= Bron Taylor =

American academic and conservationist (born 1955)

Bron Raymond Taylor (born 15 April 1955) is an American scholar and conservationist. He is professor of religion and nature at the University of Florida and has also been an affiliated scholar with the Center for Environment and Development at the University of Oslo. Taylor works principally in the areas of religion and ecology, environmental ethics and environmental philosophy. He is also a prominent historian and ethnographer of environmentalism and especially radical environmentalist movements, surfing culture and nature-based spiritualities. Taylor is also editor-in-chief of the Encyclopedia of Religion and Nature and subsequently founded the International Society for the Study of Religion, Nature and Culture, serving as its president from 2006 to 2009. He also founded the society's affiliated Journal for the Study of Religion, Nature and Culture, serving as its editor since 2007.

==Dark green religion==
Taylor is credited with coining the term "dark green religion" or "dark green spirituality", which he broadly defines as a religion, or a "religion-resembling" set of beliefs and practices, characterized by a central conviction that "nature is sacred, has intrinsic value, and is therefore due reverent care." Tied in with this belief is a felt kinship with non-human entities and a conscious awareness of the interconnected and interdependent nature of life on the planet. Taylor argues that dark green religion possesses many of the characteristics of established religions, such as sacred texts (a book such as Walden, for example), prophets (writers and activists such as Henry David Thoreau, John Muir and Rachel Carson), rituals ("soul surfers" meeting the ocean at dawn) and elements some consider dangerous (radical "eco-terrorists"). Dark green religion also has an inherently political component with regards to environmentalism; the idea that nature is sacred comes with an ethical responsibility to treat it as such.

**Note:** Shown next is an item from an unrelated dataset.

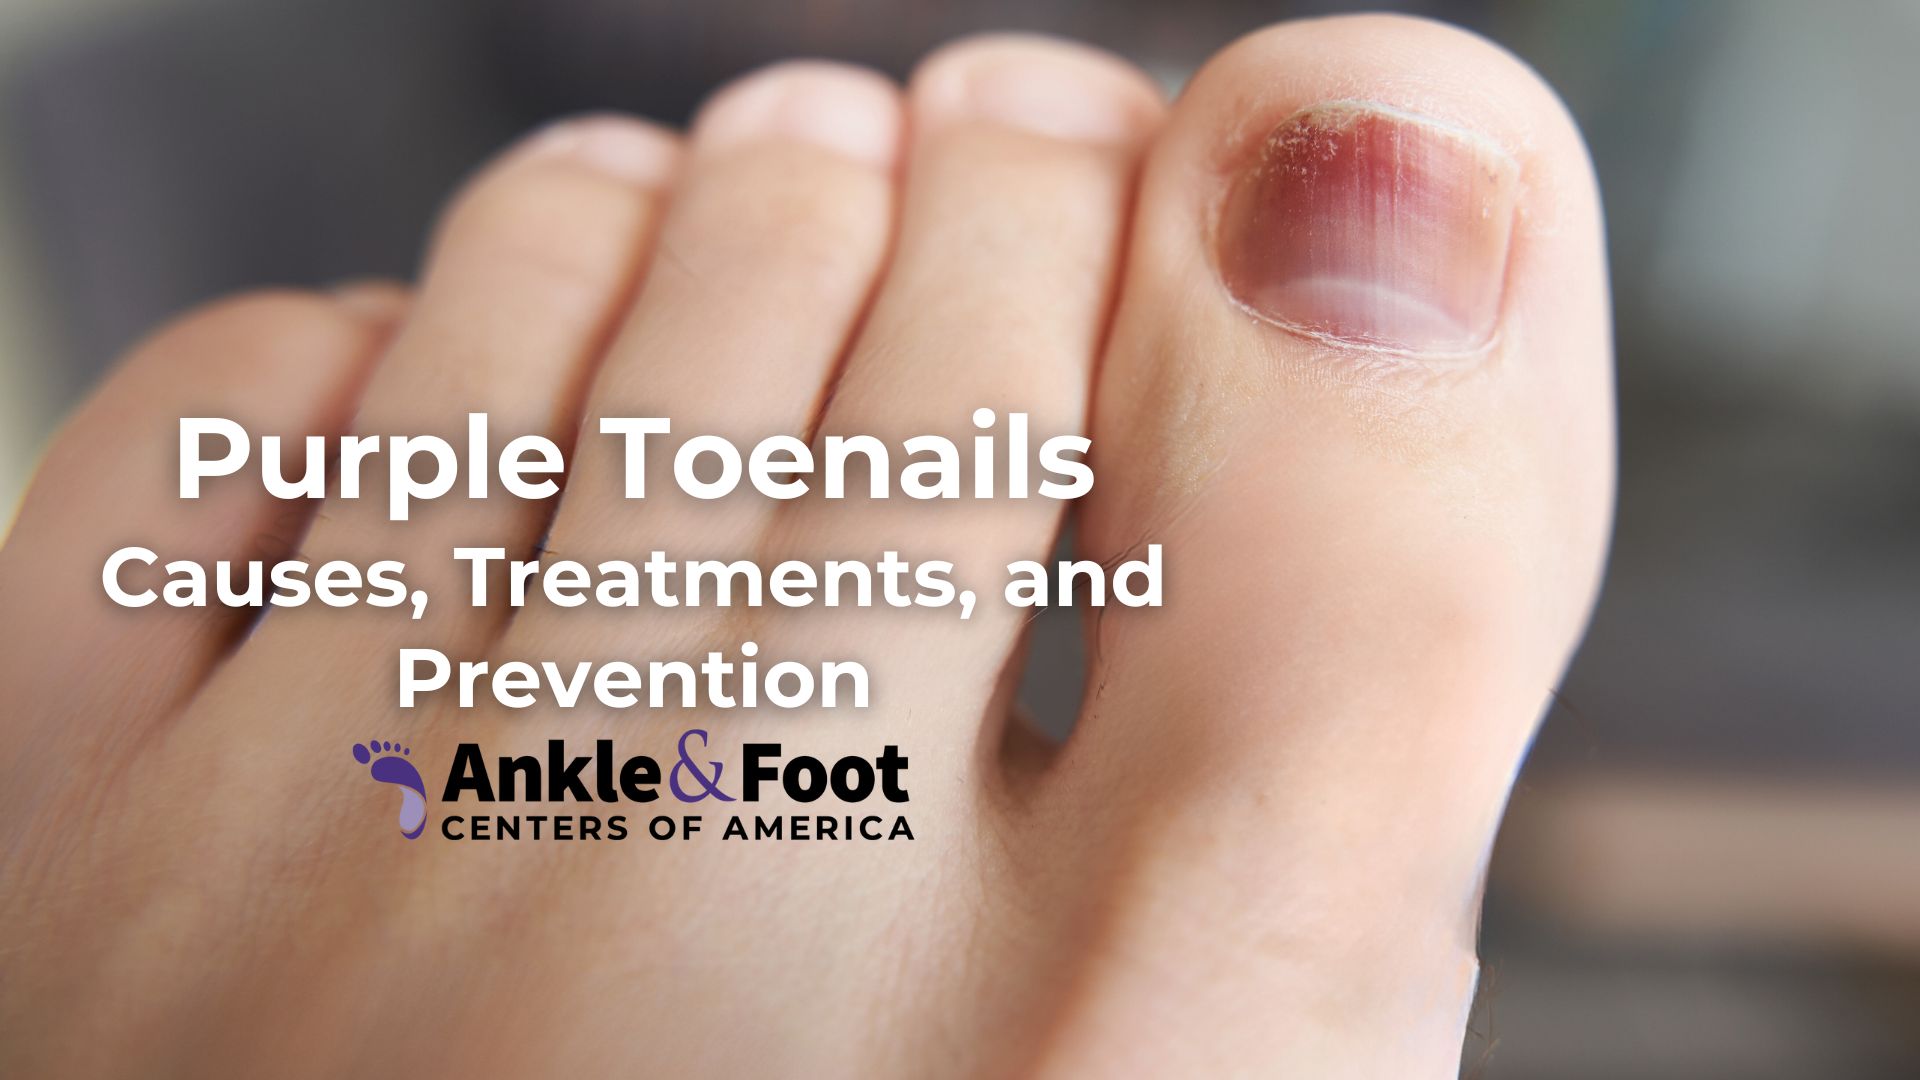 Blue toe syndrome: Causes, treatment, outlook, and prevention

As outlined in Dark Green Religion: Nature Spirituality and the Planetary Future, Taylor asserts that belief in the sacrality of nature may or may not involve a belief in supernatural beings or forces. An atheist who reads evolution as an epic narrative of spiritual significance may be engaging in dark green religion, as would a pantheist who is humbled by the structure of the cosmos. Those who perceive the Earth to be like an organism if not also a sentient being (Gaianism), or intuit that animals and trees possess spiritual intelligences (animism), may also be viewed as engaging in dark green religion, according to Taylor. Dark green religion often finds common ground with religious traditions such as paganism and shamanism, as well as philosophical belief systems such as deep ecology, Aldo Leopold's theory of land ethic, and James Lovelock's Gaia hypothesis.

Taylor's conviction that "religion" is a paradigm that can be understood to include entirely naturalistic worldviews puts him at odds with many of the new atheist thinkers such as Christopher Hitchens and especially Richard Dawkins, whom he discusses directly in his book.

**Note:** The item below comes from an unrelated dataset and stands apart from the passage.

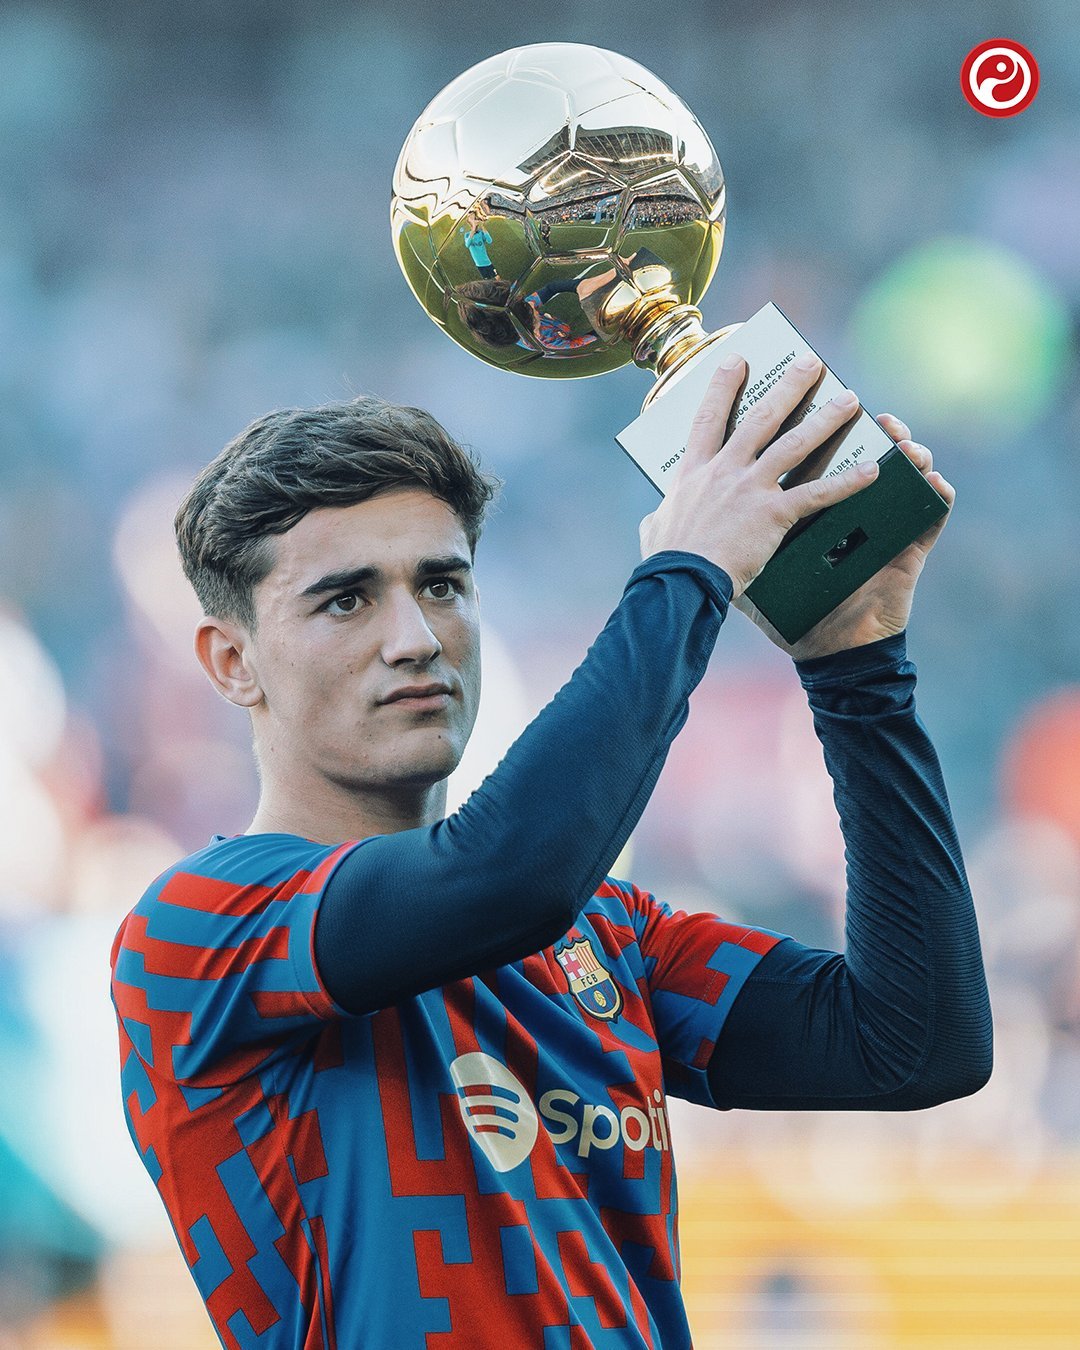 Squawka 18 years and 163 days old, Gavi has been involved all three Barcelona goals against Real Madrid in the final of the Supercopa de España. The Golden Boy

Taylor contends that dark green religiosity has deep roots and has manifested itself in a diversity of ways throughout human history. He finds eco-spiritual synchronicity, for example, in phenomena as seemingly disparate as surfing magazines and the writings of Edmund Burke. Other cultural actors and elements explored by Taylor include Charles Darwin, Jane Goodall, Edward Abbey, Alice Walker, tree-sitting activists, the Earth Liberation Front, the Animal Liberation Front, Al Gore, Orion magazine and Disney films such as The Lion King and Pocahontas.

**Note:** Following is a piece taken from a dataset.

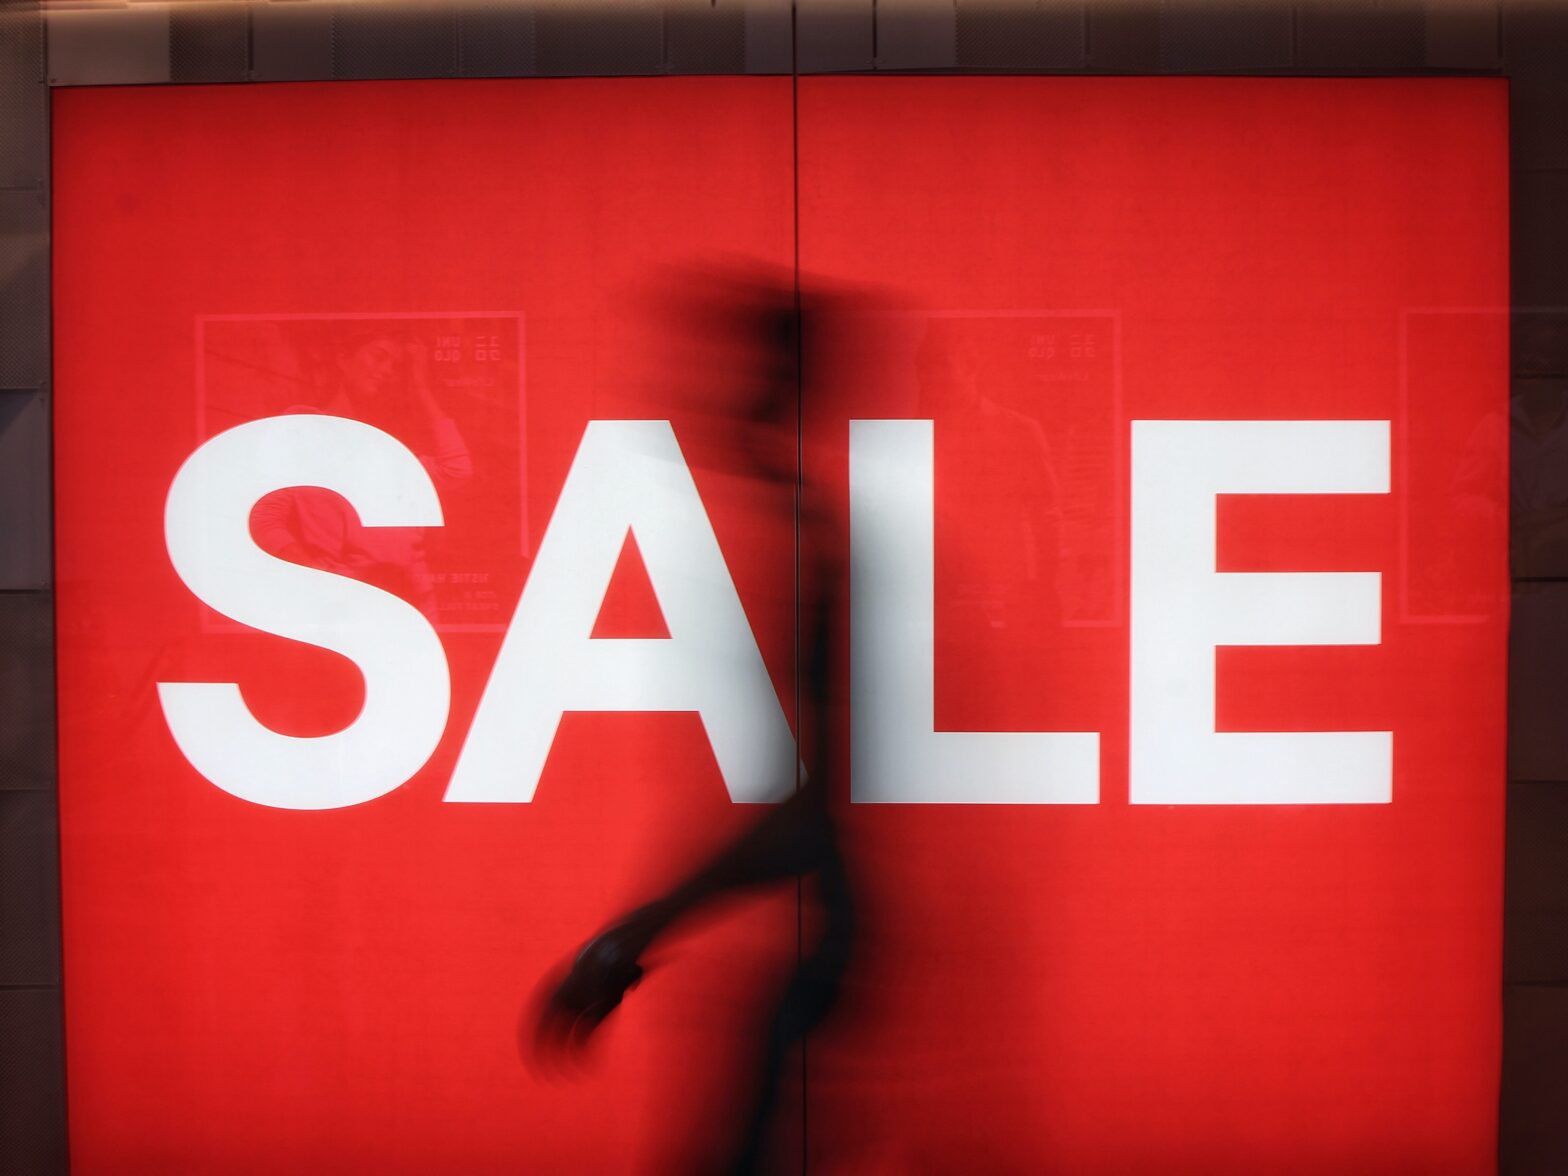 Large red sale sign with human figure moving in background

Taylor has also written about James Cameron's film Avatar and its relevance to dark green religion. He argues that the widespread popularity of the film, in which nature is regarded as sentient and sacred, is a testament to the growing appeal of dark green spirituality around the world.

Taylor also finds an emerging global receptivity to dark green religious sentiment in political institutions such as the United Nations. He has observed that, as concerns over the state of the environment intensify, global summits aimed at addressing the ecological crisis have assumed a decidedly spiritual tenor. He points to the opening ceremony of the 2002 World Summit on Sustainable Development as one example of this trend. He argues that current trends in earthen spirituality might even presage the emergence of a “civil earth religion” that promotes loyalty to the biosphere rather than to nation states.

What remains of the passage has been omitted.